A young man shared with me recently an insight he had about his life. He had been concentrating so hard on his past life and his self-reported misdeeds that he was totally ignoring the mercy of God, and that God wanted him to go forward forgiven.

So many people cannot forgive themselves for their sinfulness. They can accept the above passage from Hebrews, but they just don’t apply it to themselves.

God forgives everything but our failure to trust the Spirit and our failure to ask for forgiveness. God cannot give grace when we refuse to accept it. Our stubbornness handcuffs God, in a manner of speaking.

Simon Peter and Judas Iscariot were both serious sinners; they both turned on Jesus at his time of greatest need. Peter repented and accepted Jesus’ forgiveness. Judas, for whatever reason, disappeared off the screen unforgiven.

If we seek other instances of Jesus’ ongoing patience with the faults of his friends, we need only listen to today’s Gospel story. The brothers, James and John, are asking for special treatment from Jesus. They are not including the other 10 apostles in their plans.

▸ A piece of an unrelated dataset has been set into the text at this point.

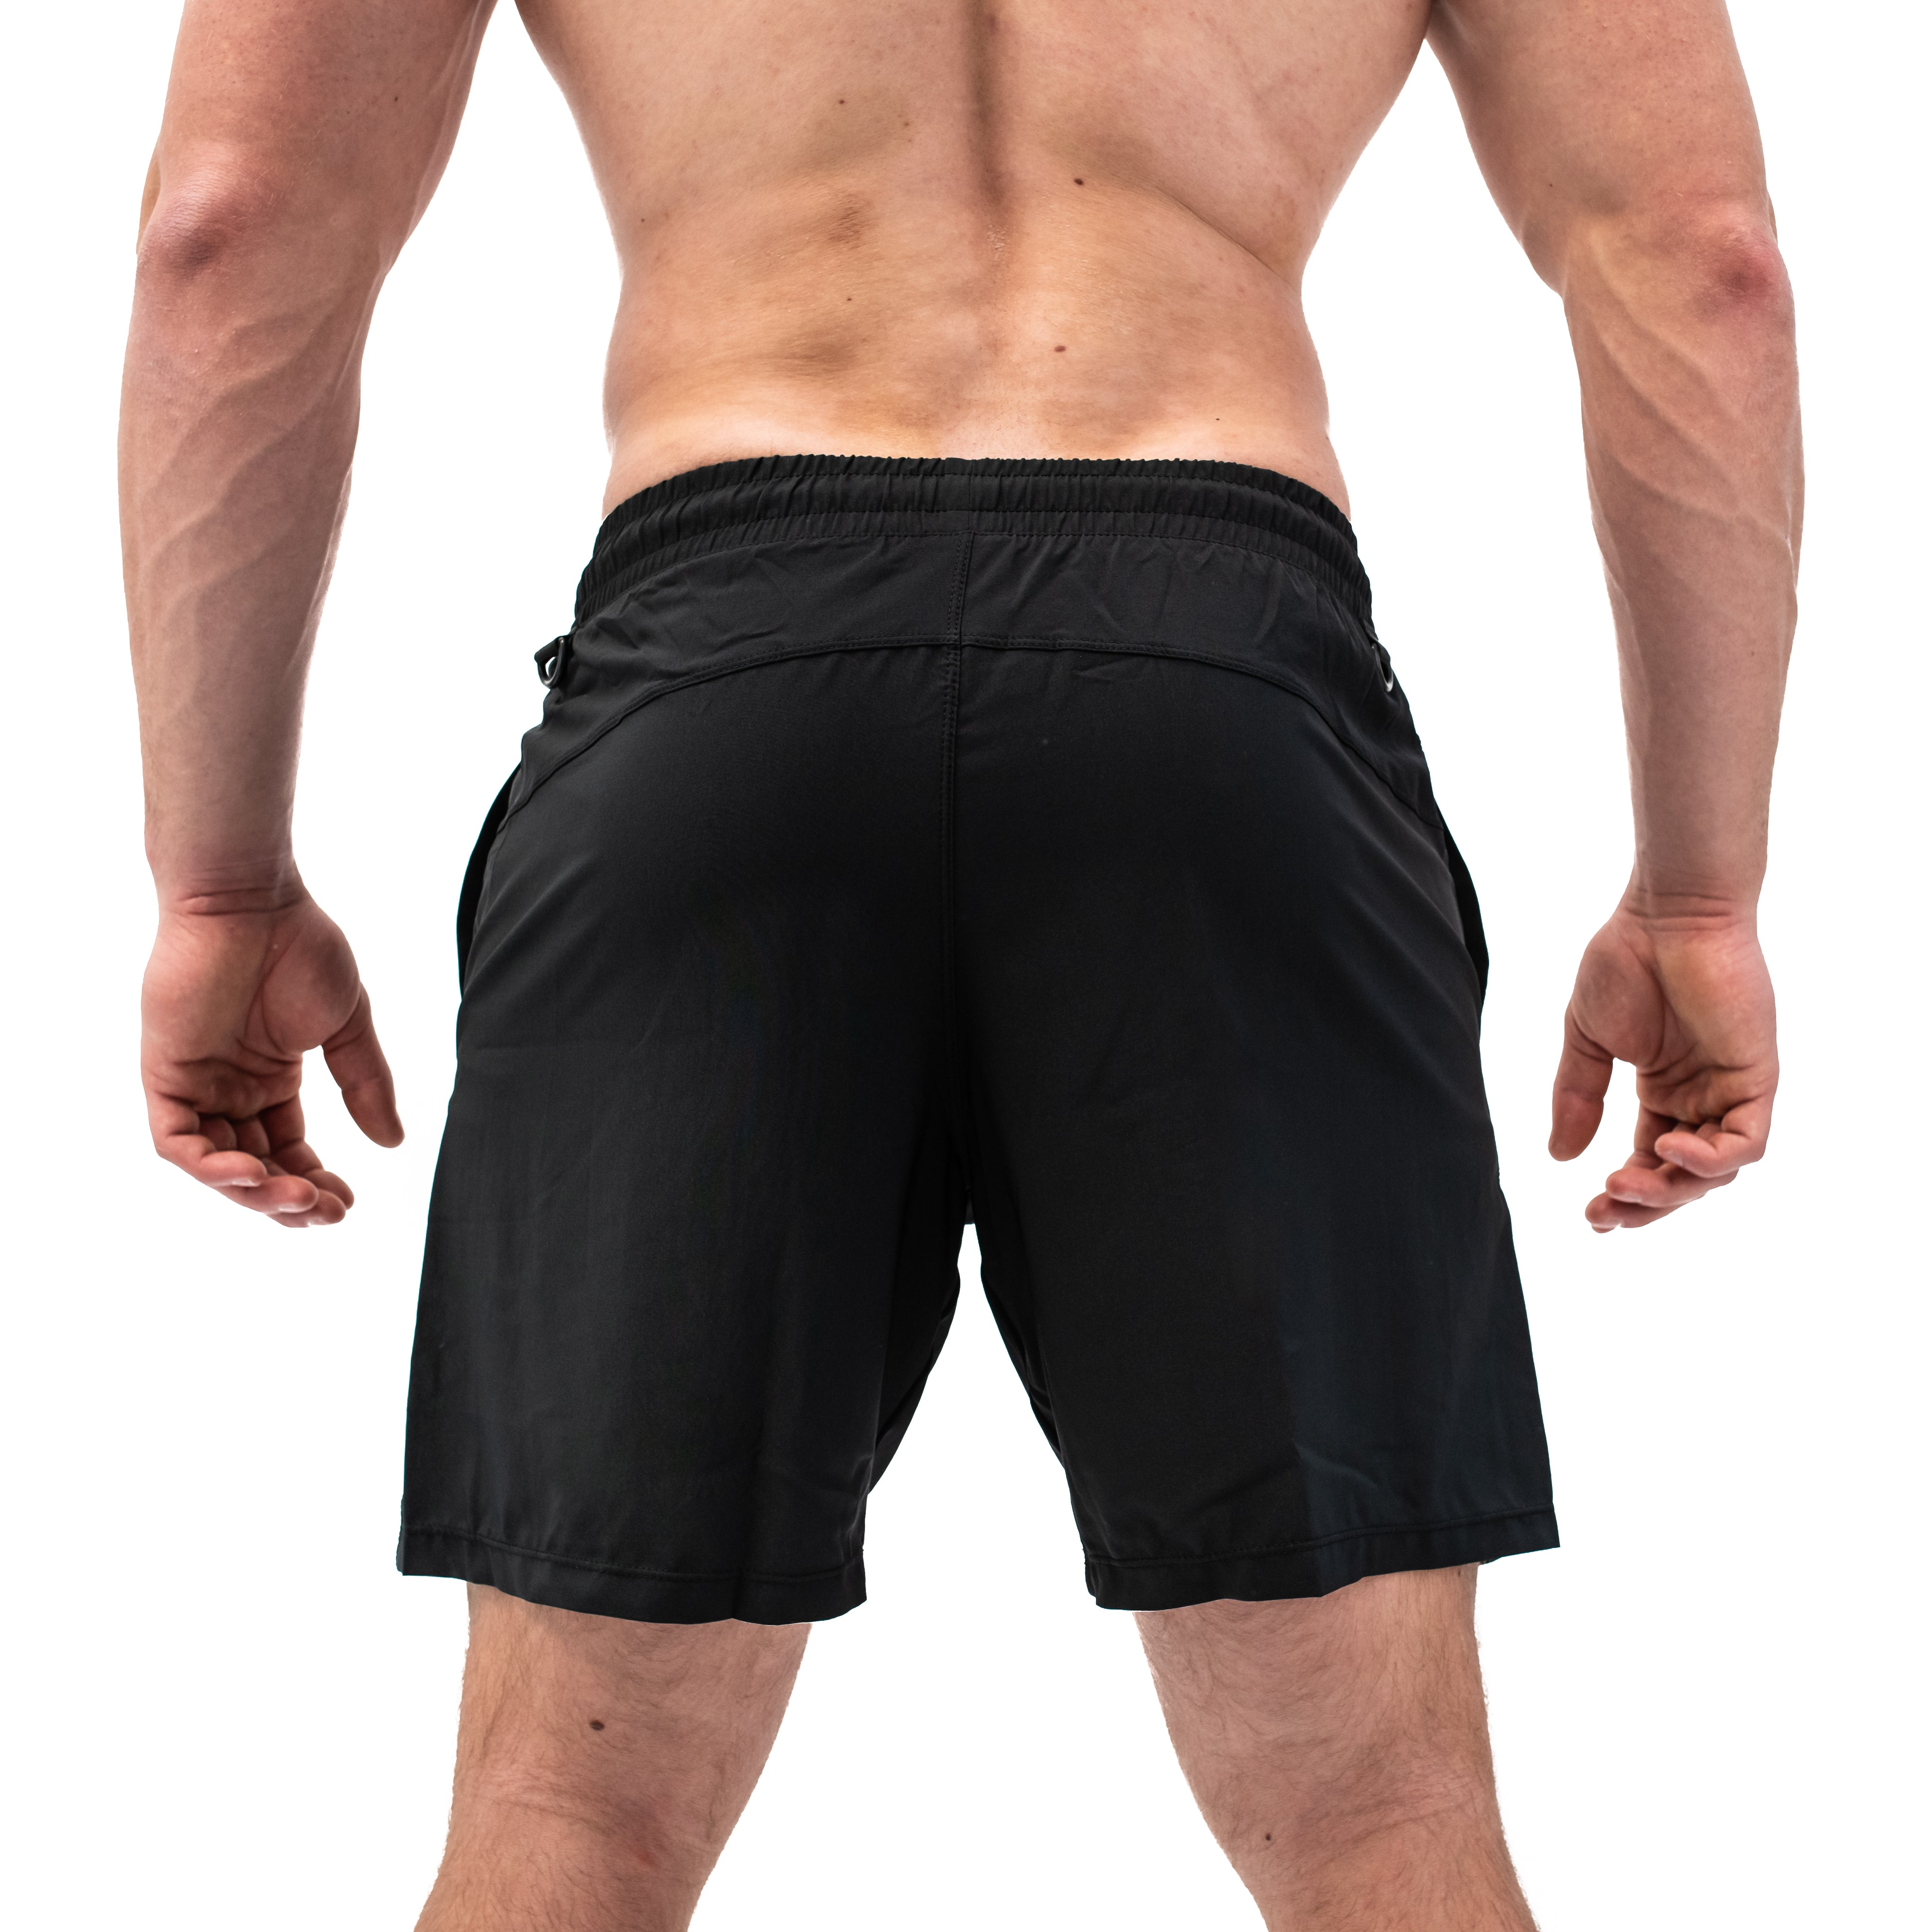 Have you ever squatted in shorts and realised that they may be too tight on you at the bottom of a squat? We have solved this problem with A7 Centre-stretch Squat Shorts. The shorts are made with stretchy fabric in between legs so you are never constricted during your squat. KWD shorts have a shorter inseam and are designed to show off your quads (KWaDs). Available in UK and Europe including France, Italy, Germany, Sweden and Poland.

Their action stirs up the pot and angers everyone involved — except Jesus. He calls the group together and patiently goes over the basics of discipleship once more. It isn’t about who holds the top spot; it is about being a servant — even a slave — to all.

That’s not an acceptable philosophy in today’s world or in our competitive culture. For too many moderns, Jesus is speaking from weakness. The fact is that he is not weak, but he does understand weakness.

And he understands that we are strongest when we put ourselves at the service of others. When we die to ourselves, we can live freely and openly.

Ah, the paradox that continues to haunt us: To really live, we have to die to self. Help us out on that, Lord.

O’Malley is a faculty member of the University of St. Mary of the Lake, former vicar for priests and pastor emeritus of St. Celestine Parish.